# RECORDED INFORMATION
..............................
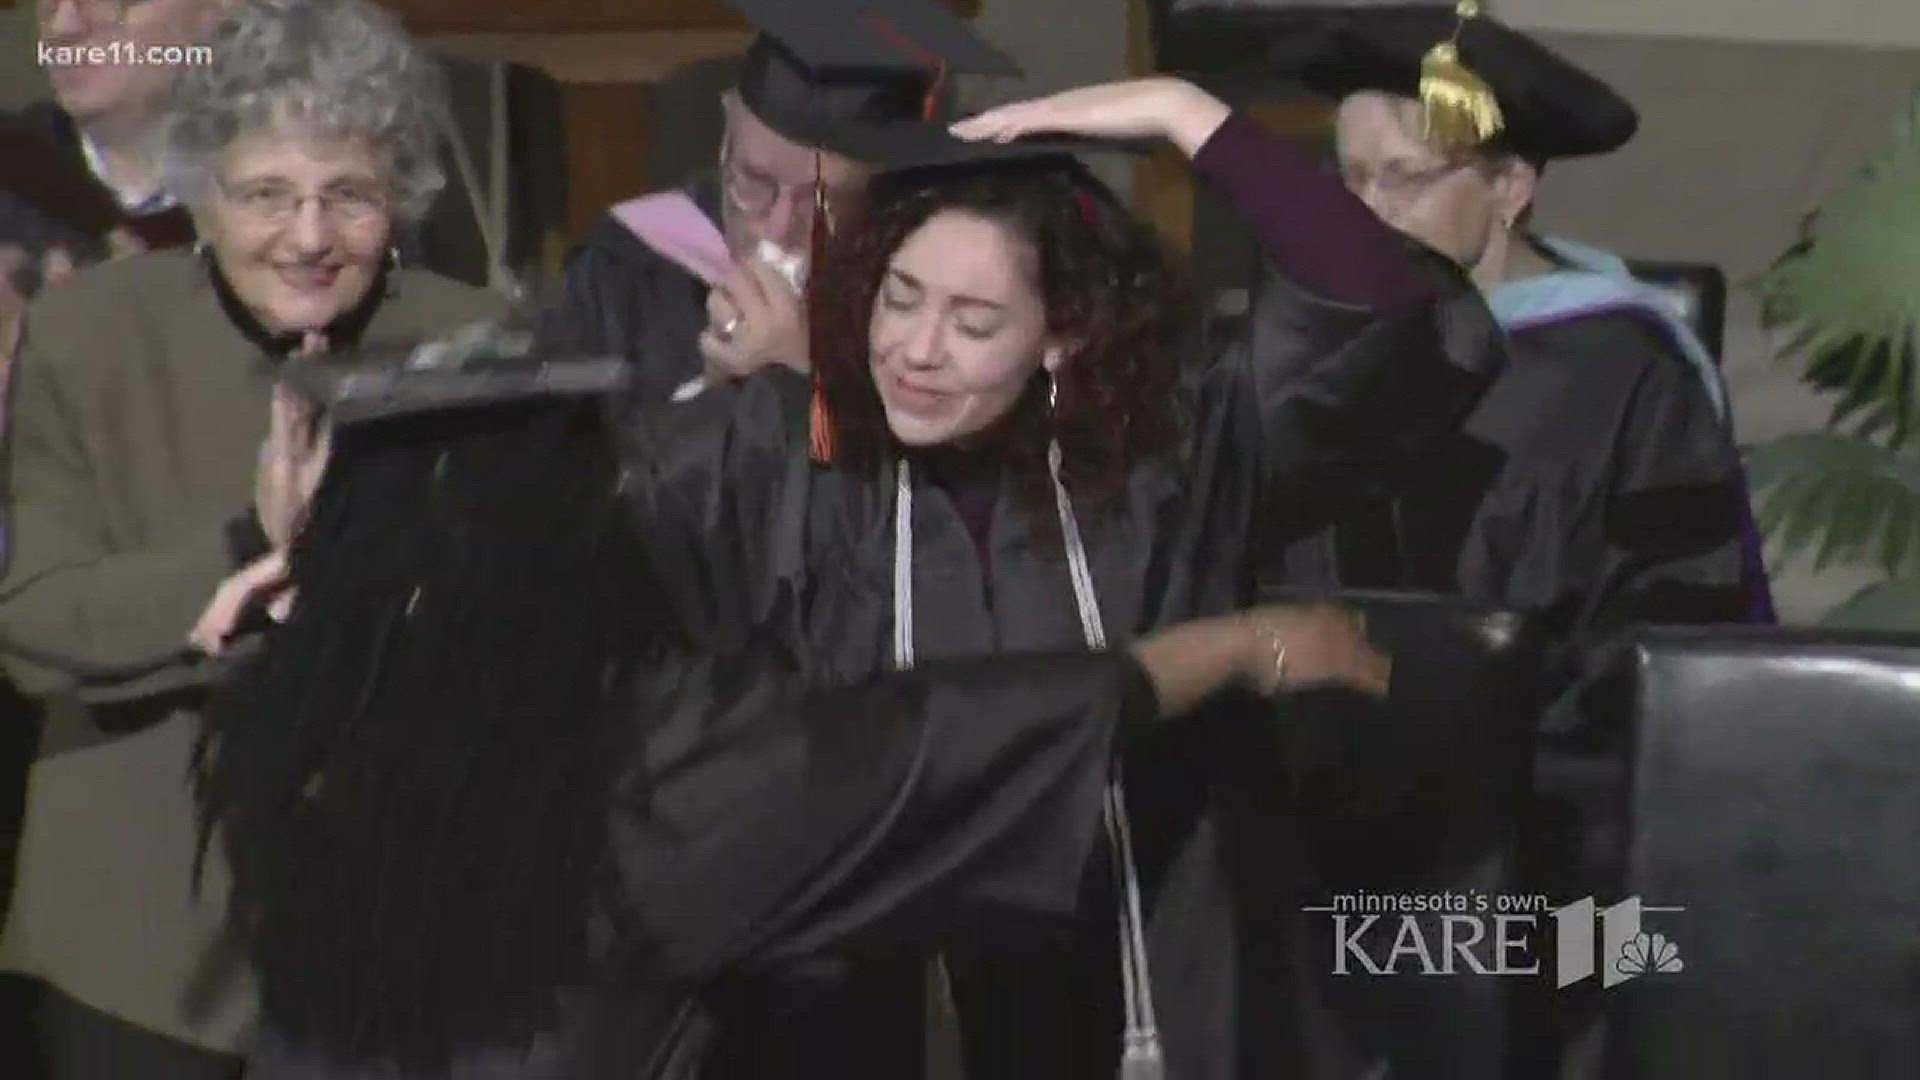 Less than 48 hours after the news of a sudden closure broke to students and staff, 38 students were set to graduate from McNally Smith College of Music. http://kare11.tv/2k4gLLr
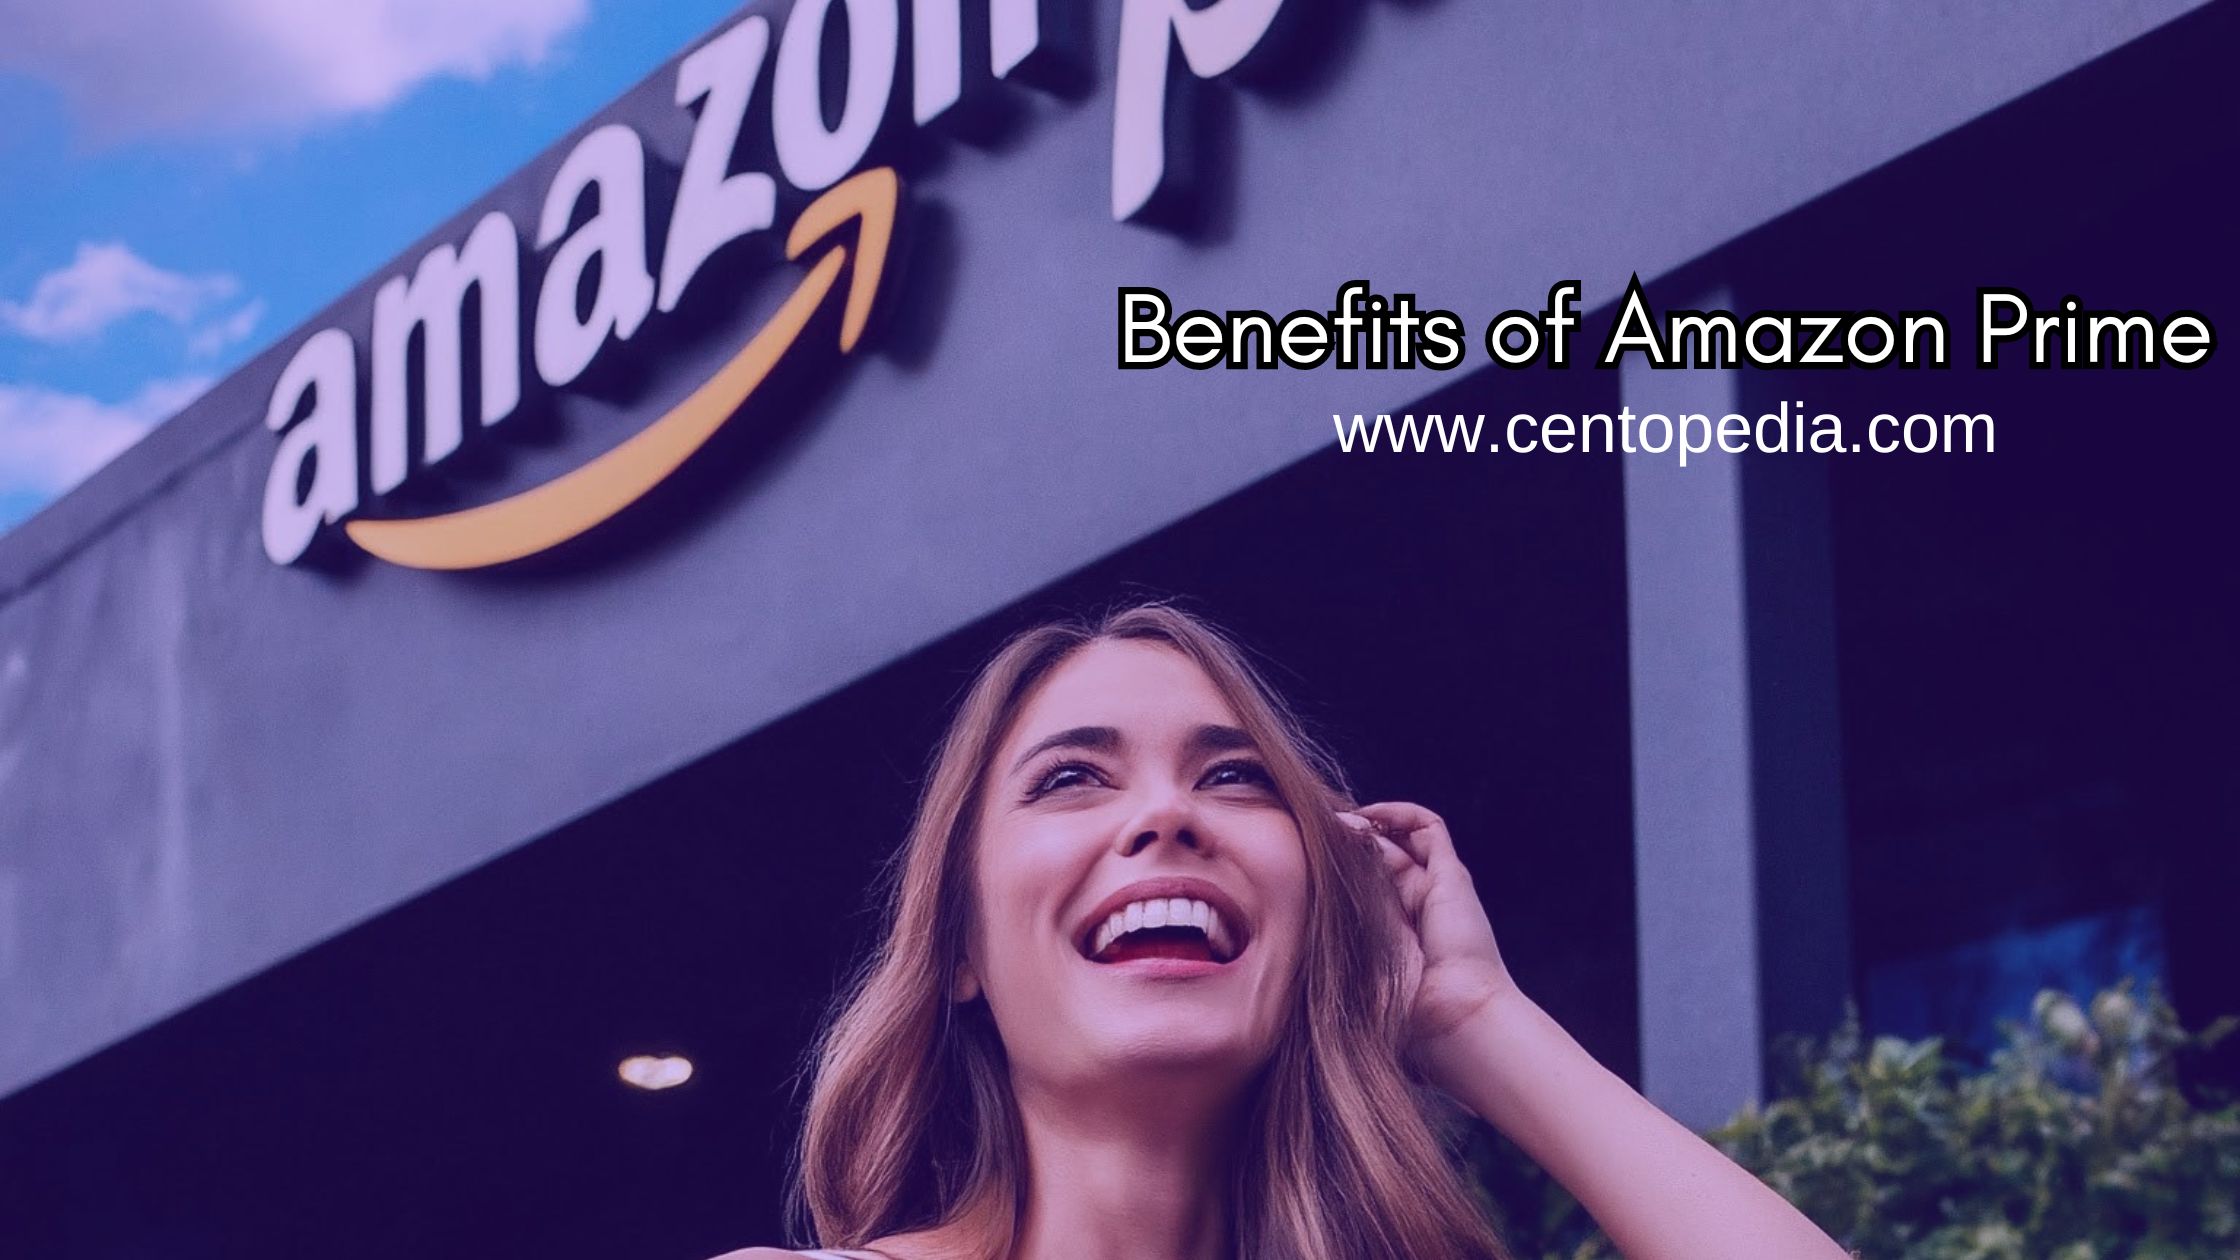 what exactly do you get with amazon prime, benefits of amazon prime
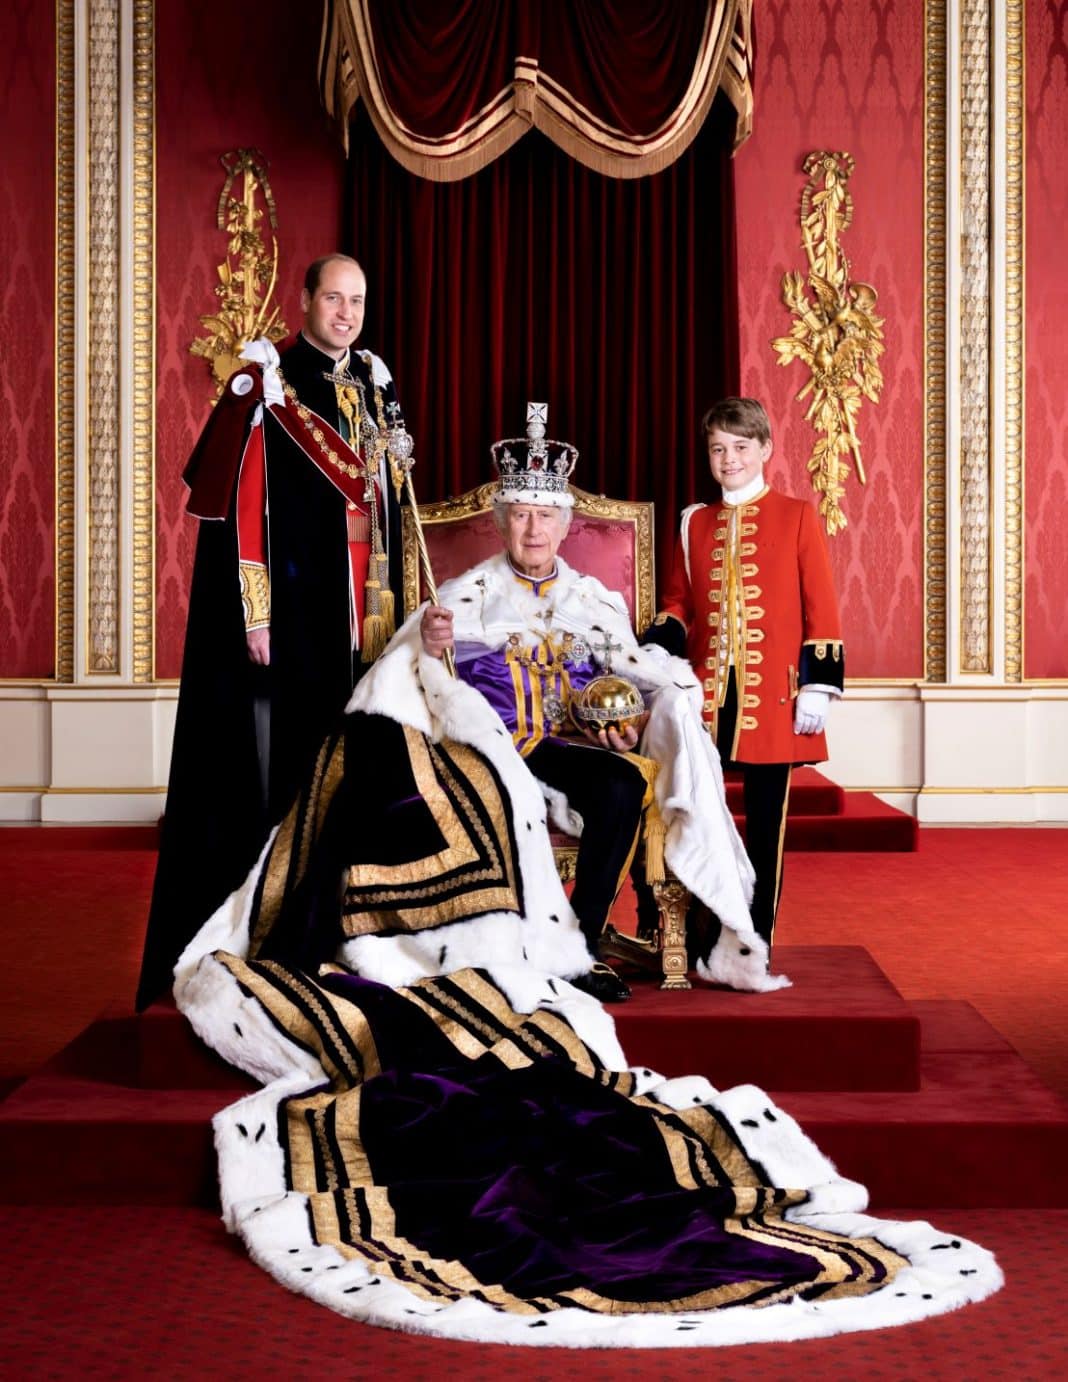 King Charles III, the Prince of Wales and Prince George pose for a photo, on the day of the coronation, Saturday, May 6, 2023, in the Throne Room at Buckingham Palace
..............................
# PROBLEM REQUIREMENTS
The range to transcribe runs from the line holding "what exactly do" through the final line of the data above; copy it exactly and exclude the pictures.

# SOLVED PROBLEM
 what exactly do you get with amazon prime, benefits of amazon prime
 King Charles III, the Prince of Wales and Prince George pose for a photo, on the day of the coronation, Saturday, May 6, 2023, in the Throne Room at Buckingham Palace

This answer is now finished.